Boris Redin, an electronics engineer who now runs a copy shop, explains to anyone who will listen that the February 2014 days in Kharkiv also saw Euromaidan protests, with a thousand people, and claims that groups of Russians sent by the Kremlin came to the city to demonstrate in favour of Putin. "They pretended to be people from Kharkiv, but they didn't know the city: they occupied the Cultural Centre building thinking it was the city hall," he says. A year later, four people were killed in a bomb explosion at a demonstration commemorating the fall of Yanukovych. "I can't wait for the Russian tanks to come in and bathe them in their own blood," he says fervently.

A few meters away, Eugene, owner of a fine art supplies store, proclaims himself a man of peace and says he is not particularly worried nor has he taken any precautions at home, where his two young children are waiting for him. "I don't think Russia would attack us, because it wouldn't make any sense and they wouldn't get any good out of it," he argues. "I am a Russian speaker and Ukrainian, I have relatives in Russia, but I don't want Russian troops here," he concludes. Nor does he want Ukraine to join NATO: "We have to be neutral, we are people of peace."

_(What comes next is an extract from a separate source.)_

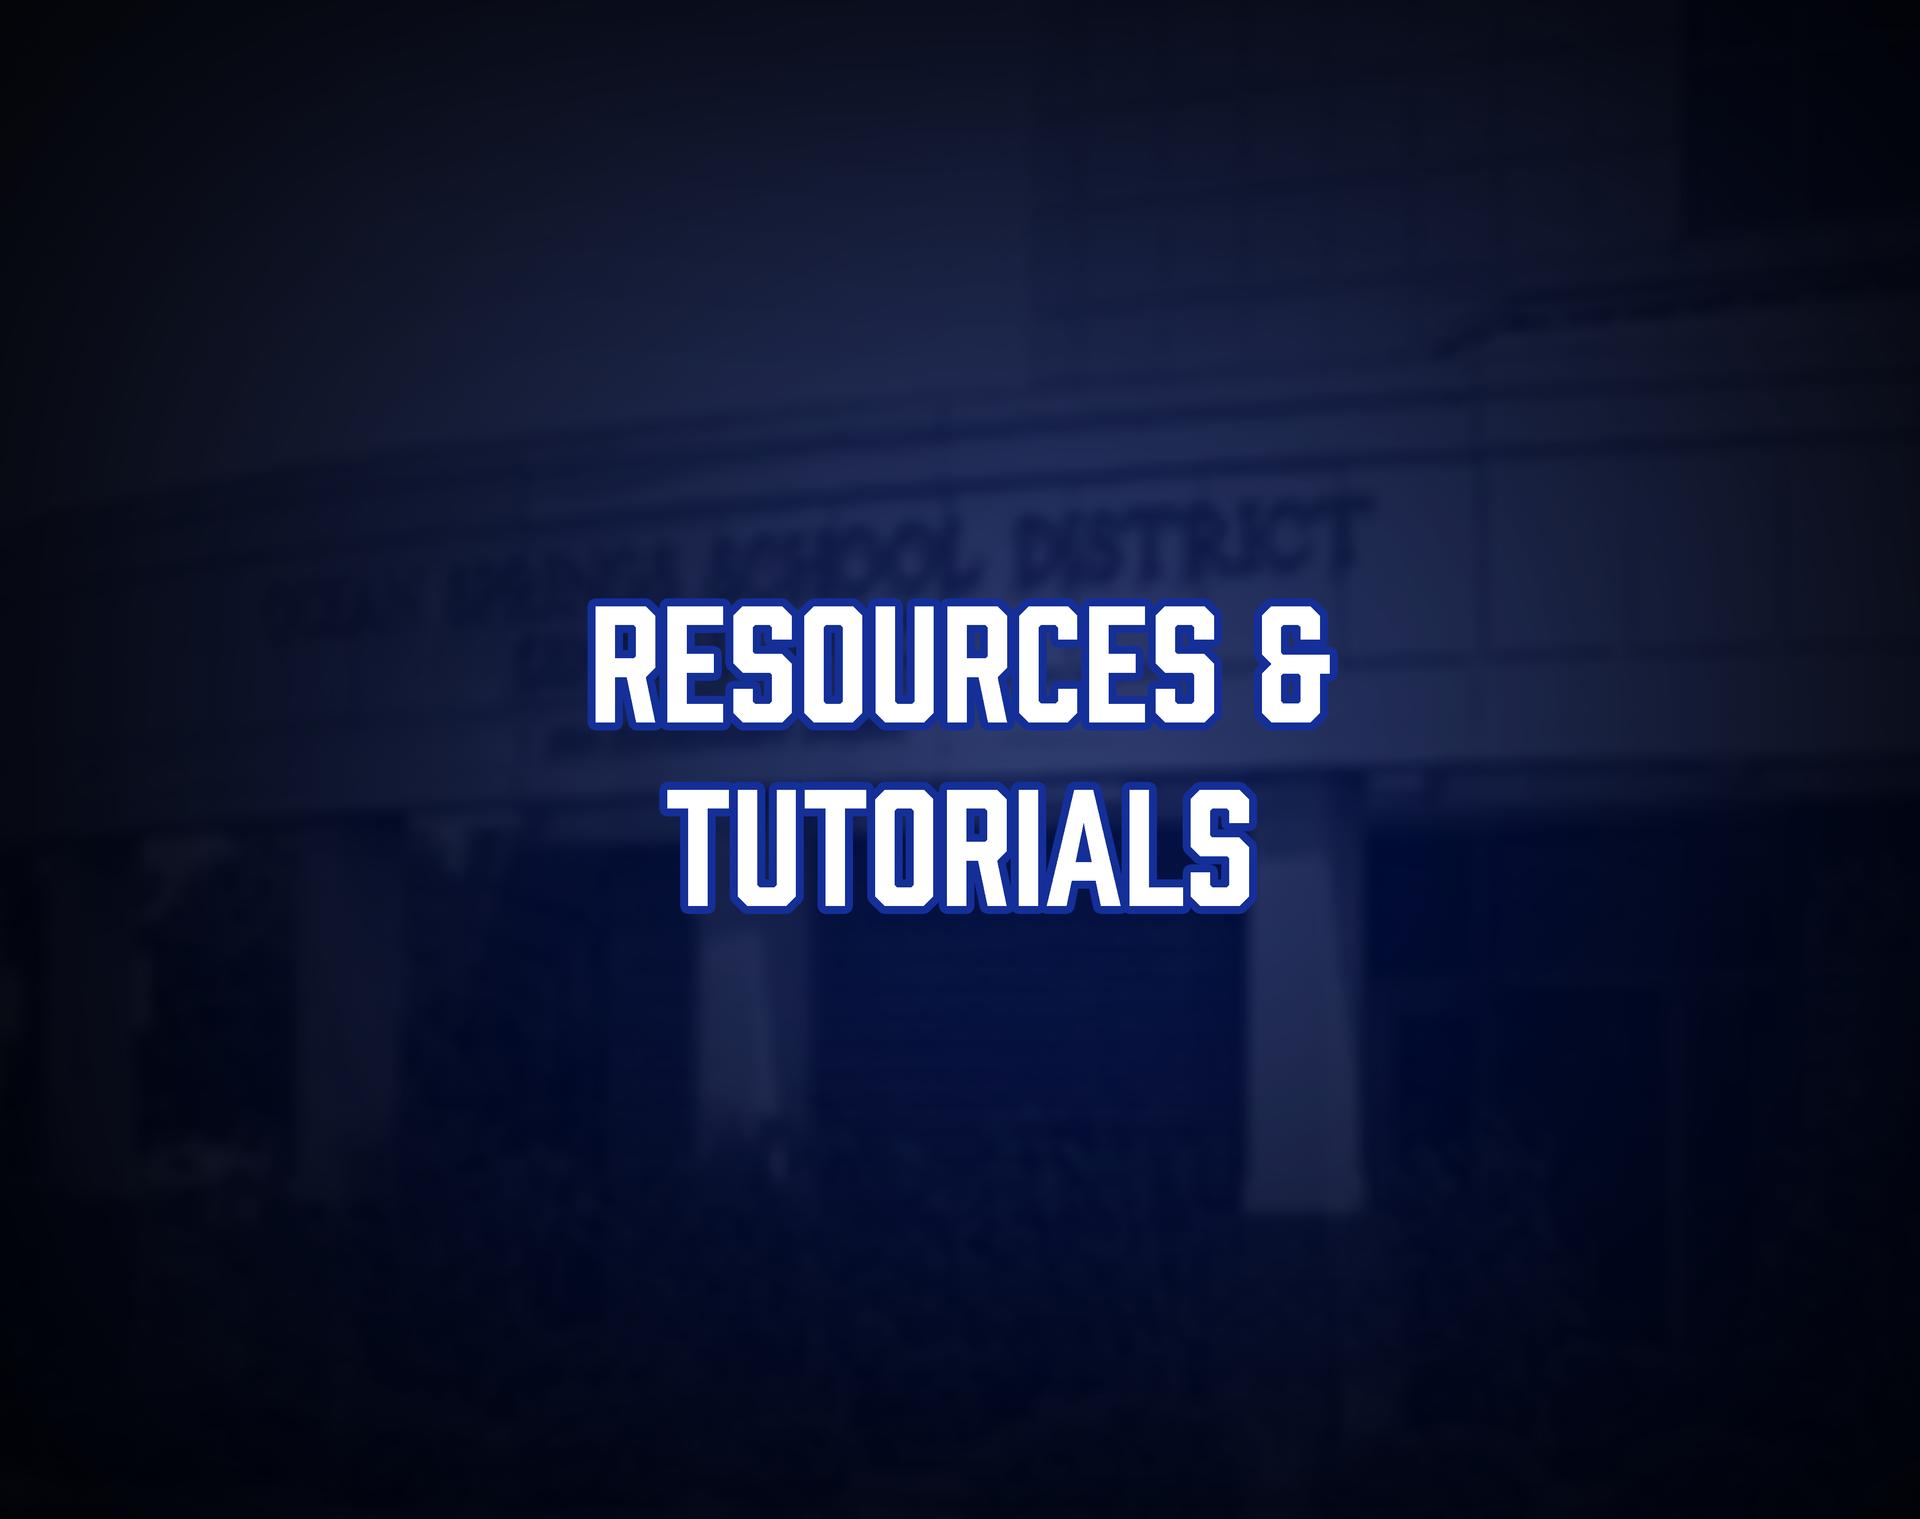 Resources & Tutorials Tile

The arms factory, at half throttle

Nor does the military industry seem to be more active than usual. "There is not much work, sometimes we work a lot and sometimes we spend the whole day here with nothing to do," explains one of the 5,000 workers at the Malysheva factory, which produces tank components, as well as tractors, and snow plows. A plant manager confirms to ARA that production has not been increased. The factory dates back to the 1930s and produced tanks for the Republicans on the Aragon front during the Spanish Civil War. Between 1923 and 1934 Kharkiv was the capital of Soviet Ukraine, one of the founding republics of the USSR. In the hospital where they treat covid patients, they also tell us that they have not made any special preparations for the war, nor have they set up operating rooms or stocked up on material and medicines: they are focused on the fight against the pandemic. Now Ukraine is beginning to suffer the ravages of the Omicron variant and the number of cases has broken records.

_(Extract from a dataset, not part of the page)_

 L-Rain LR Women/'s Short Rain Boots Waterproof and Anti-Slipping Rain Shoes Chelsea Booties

In Osnova, a working-class neighbourhood with typical Soviet-era high-rise apartment buildings, children play in the snow in the park next to the school, in front of a huge abandoned industrial complex. "I don't even remember what was manufactured here anymore," says Stanislav Kibalnik, a journalist for the local magazine Assembly. He neither believes in war nor wants Russian troops. "I have friends who are political prisoners in Russia and I have done fundraising campaigns for them. Police repression in Russia is much stronger than here," he explains. But he says that what worries people most is unemployment and precariousness: "Many factories have closed and others owe workers months' worth of salary, and people have contracts that last only a few days". Many young people have taken the path of emigration: "I have friends halfway around the world, from Japan to Canada.... If nothing changes, soon there will be only old people left here." In the neighbourhood, bomb shelters in basements have long been walled up to prevent drug addicts from sneaking in.